Sur les frais liés à l’instance :
21. Dans les circonstances de l’espèce, il y a lieu de mettre à la charge de l’AP-HP la somme de 1 500 euros, sur le fondement de l’article L. 761-1 du code de justice administrative, au titre des frais exposés par Mme A et non compris dans les dépens. Il n’y a pas lieu, en revanche, de mettre à la charge de l’AP-HP la somme sollicitée par la CPAM de Paris au même titre.
D E C I D E :
Article 1er : L’Assistance publique – Hôpitaux de Paris est condamnée à verser à Mme A la somme de 16 812 euros en réparation de ses préjudices.
Article 2 : L’Assistance publique – Hôpitaux de Paris versera à Mme A une somme de 1 500 euros en application des dispositions de l’article L. 761-1 du code de justice administrative.
Article 3 : L’Assistance publique – Hôpitaux de Paris versera à la caisse primaire d’assurance maladie une somme de 107 859,78 euros assortie des intérêts de droit à compter du 16 janvier 2023 en réparation de ses débours.
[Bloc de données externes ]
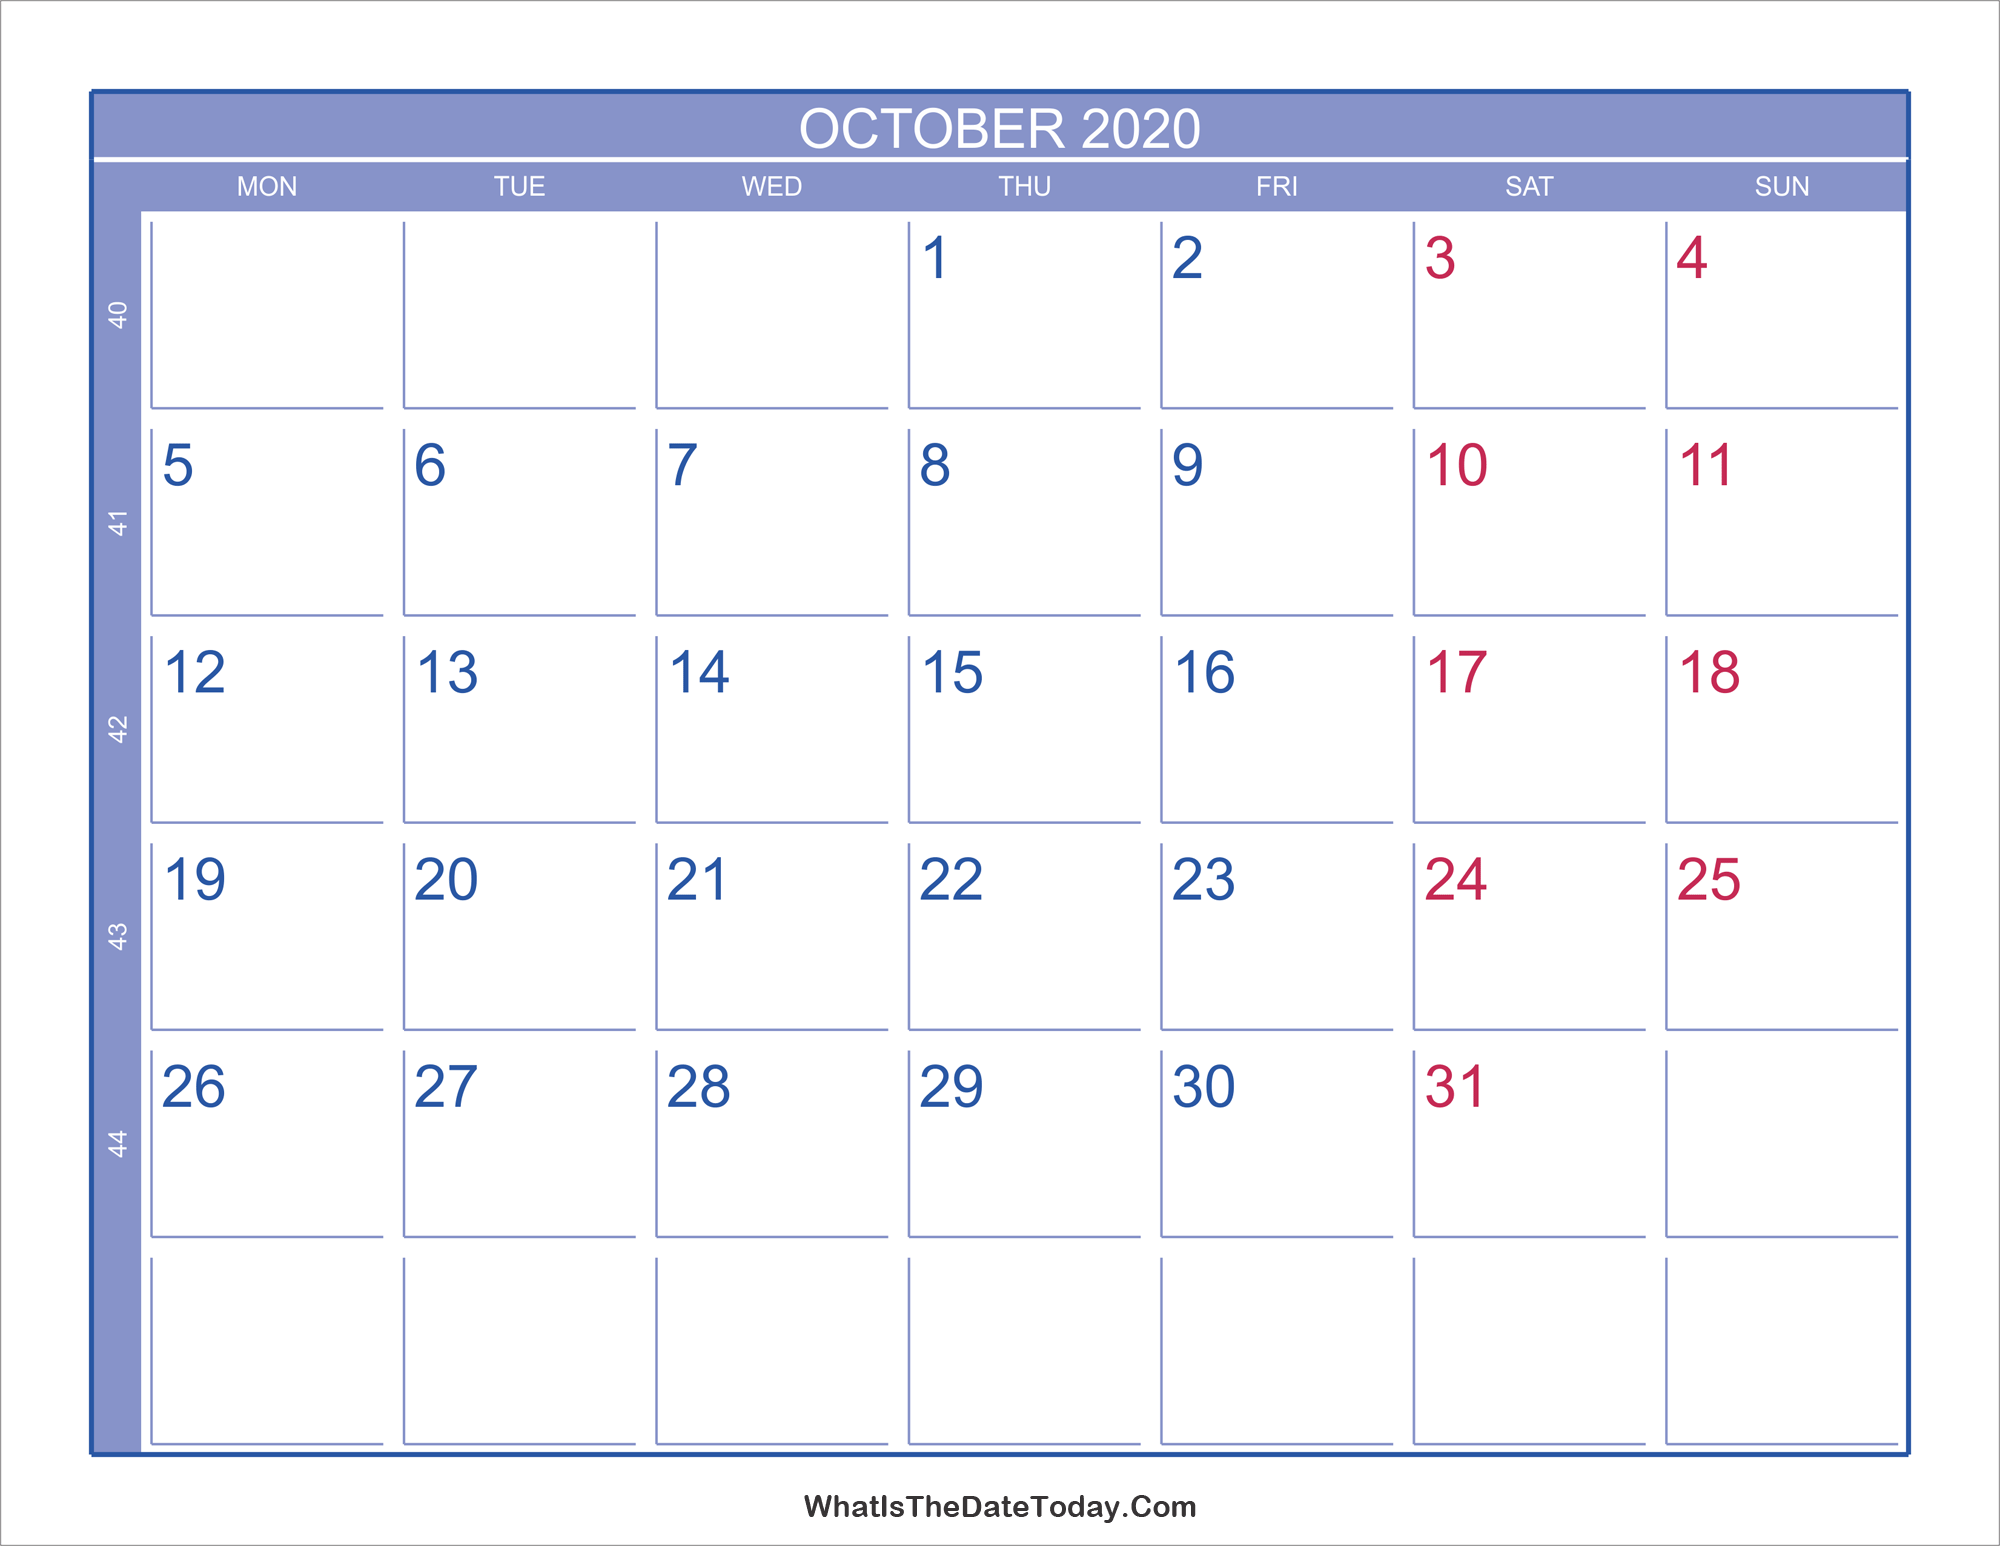 Calendar With Week Numbers 2020.2020 October Calendar With Week Numbers Whatisthedatetoday Com
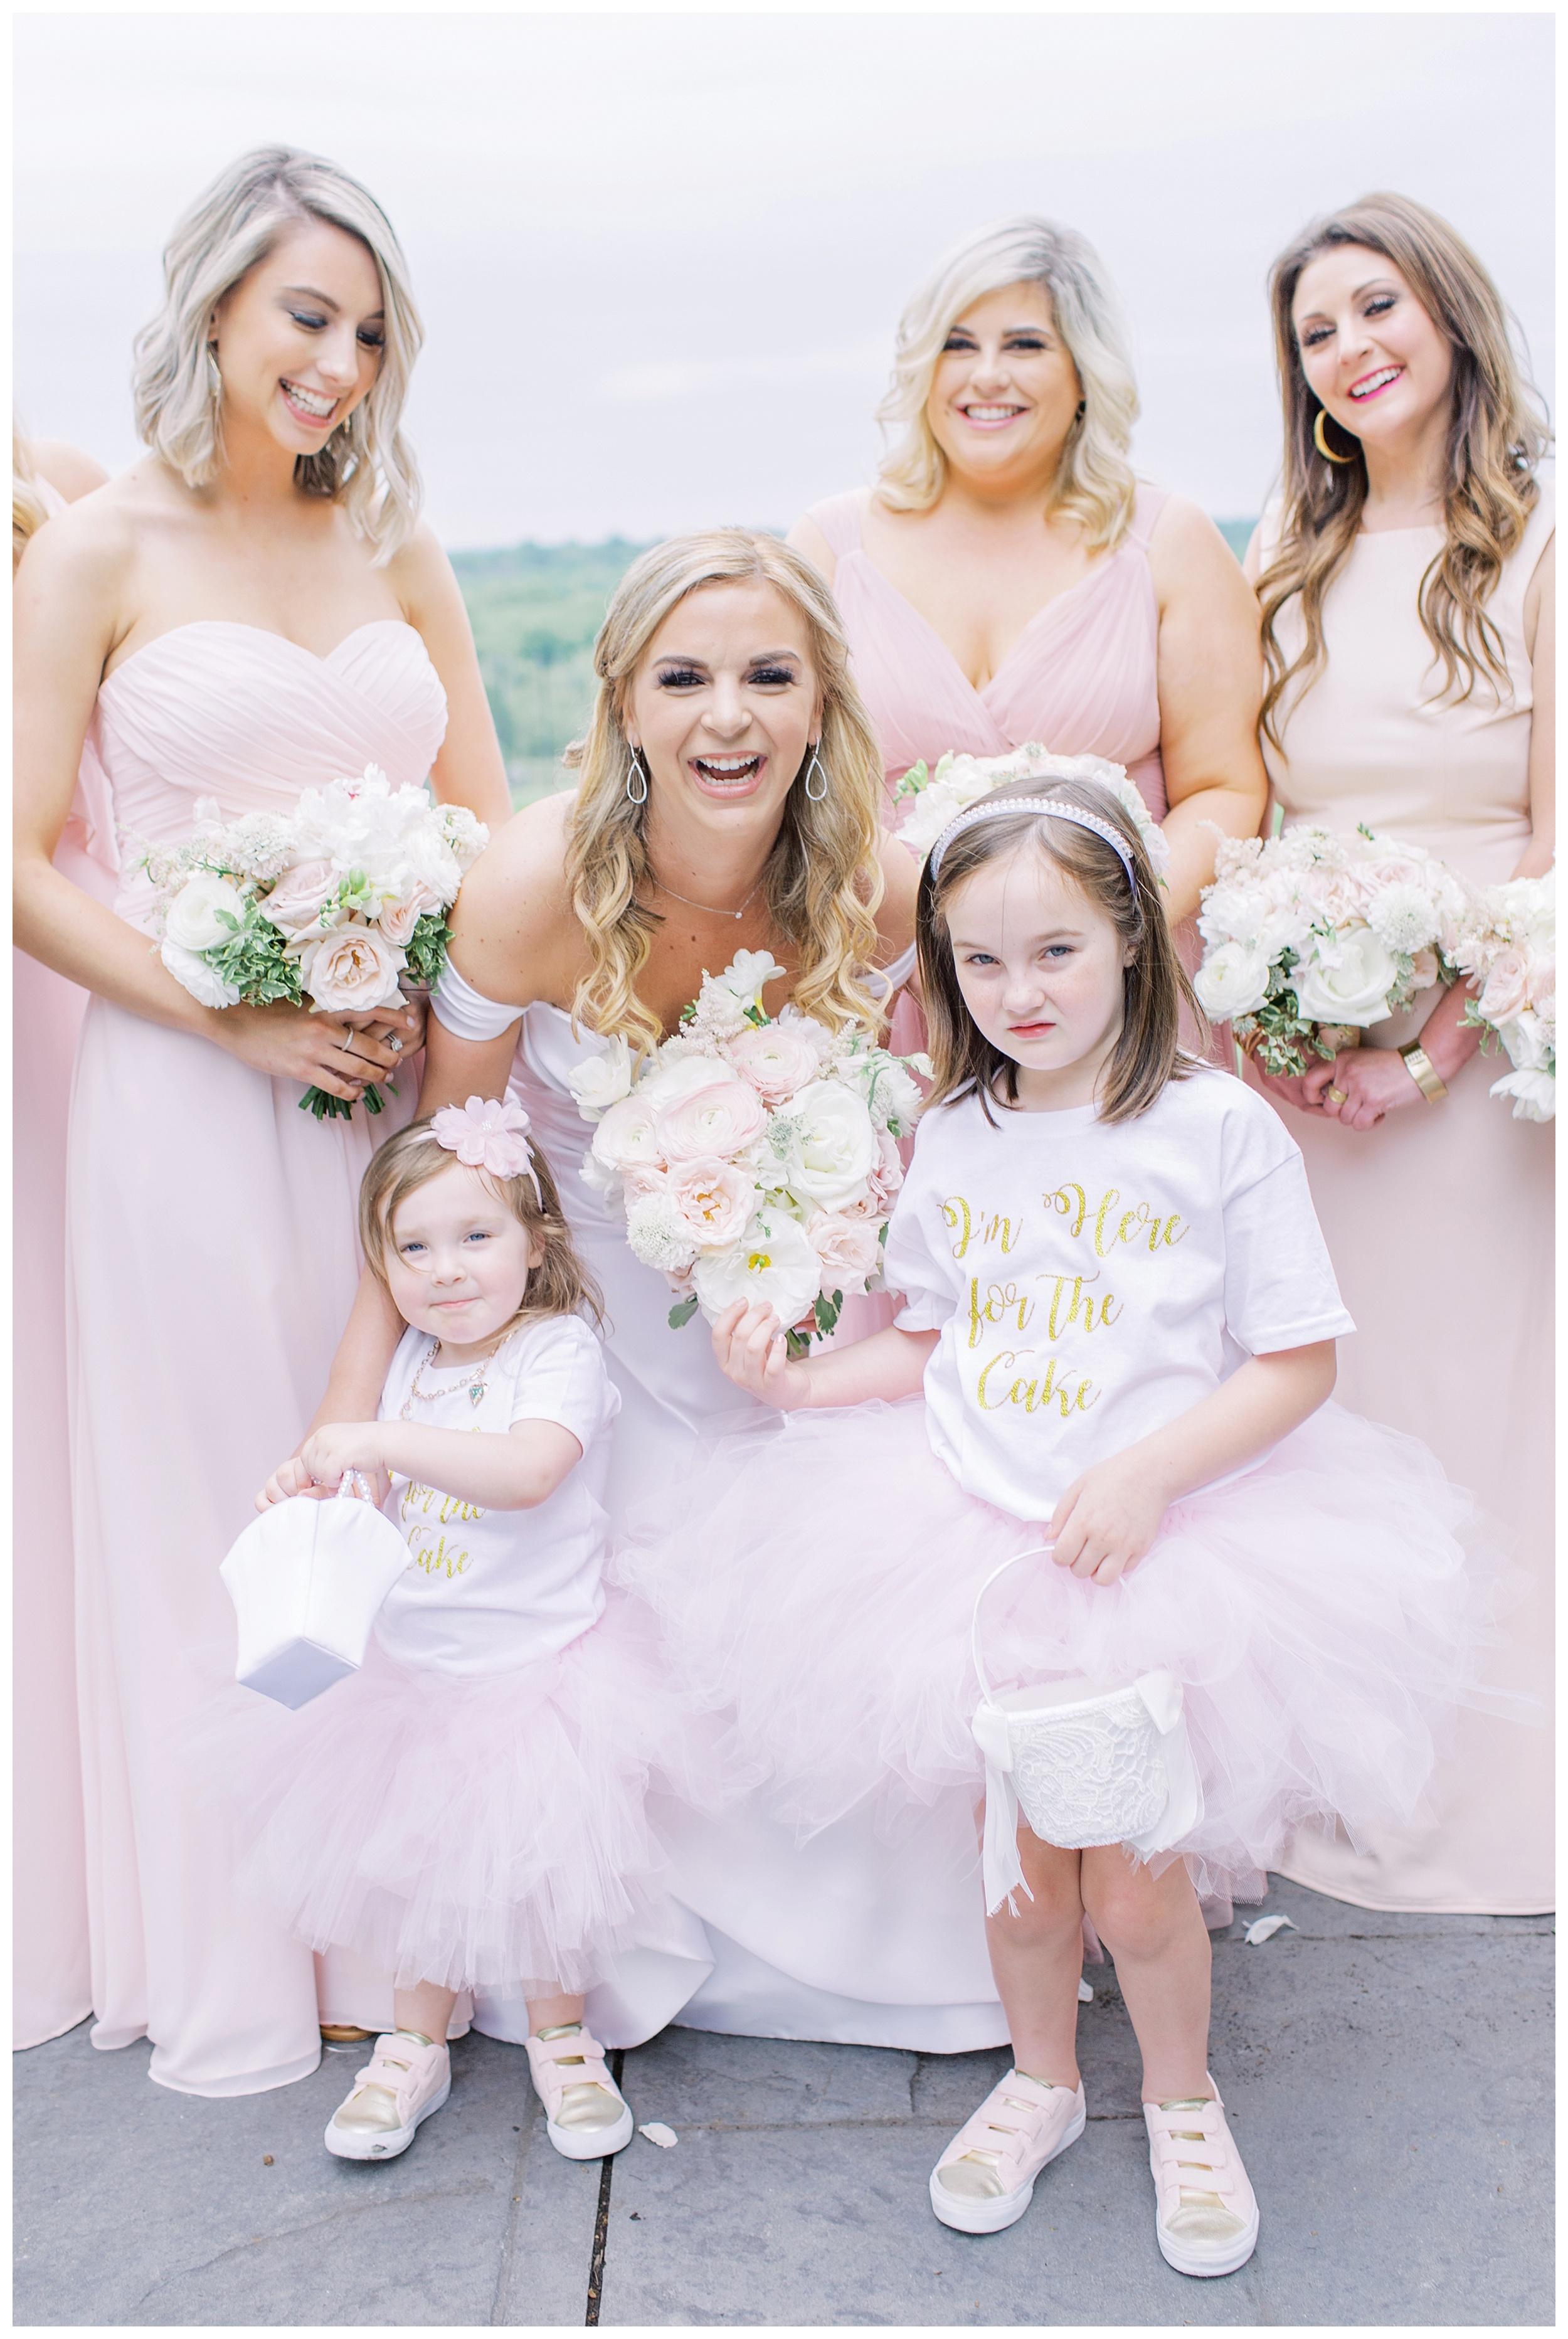 Lansdowne Resort Wedding | Virginia Film Wedding Photographer Kir Tuben_0024.jpg

Les intérêts échus seront capitalisés pour porter eux-mêmes intérêts au 16 janvier 2024, puis à chaque échéance annuelle.
Article 4 : L’Assistance publique – Hôpitaux de Paris versera à la caisse primaire d’assurance maladie de Paris la somme de 1 162 euros au titre de l’article L. 371-1 du code de la sécurité sociale.
Article 5 : Le surplus des conclusions de la requête de Mme A est rejeté.
Article 6 : Le surplus des conclusions de la caisse primaire d’assurance maladie de Paris est rejeté.
Article 7 : Le présent jugement sera notifié à Mme B A, à l’Assistance publique – Hôpitaux de Paris et à la caisse primaire d’assurance maladie de Paris.
Délibéré après l’audience du 22 juin 2023, à laquelle siégeaient :
Mme Versol, présidente,
M. Pény, premier conseiller,
M. Doan, premier conseiller.
Rendu public par mise à disposition au greffe le 7 juillet 2023.
Le rapporteur,
R. Doan
La présidente,
F. VersolLa greffière,
A. Cardon
La République mande et ordonne au ministre de la santé et de la prévention, en ce qui le concerne, ou à tous commissaires de justice à ce requis en ce qui concerne les voies de droit commun contre les parties privées, de pourvoir à l’exécution de la présente décision.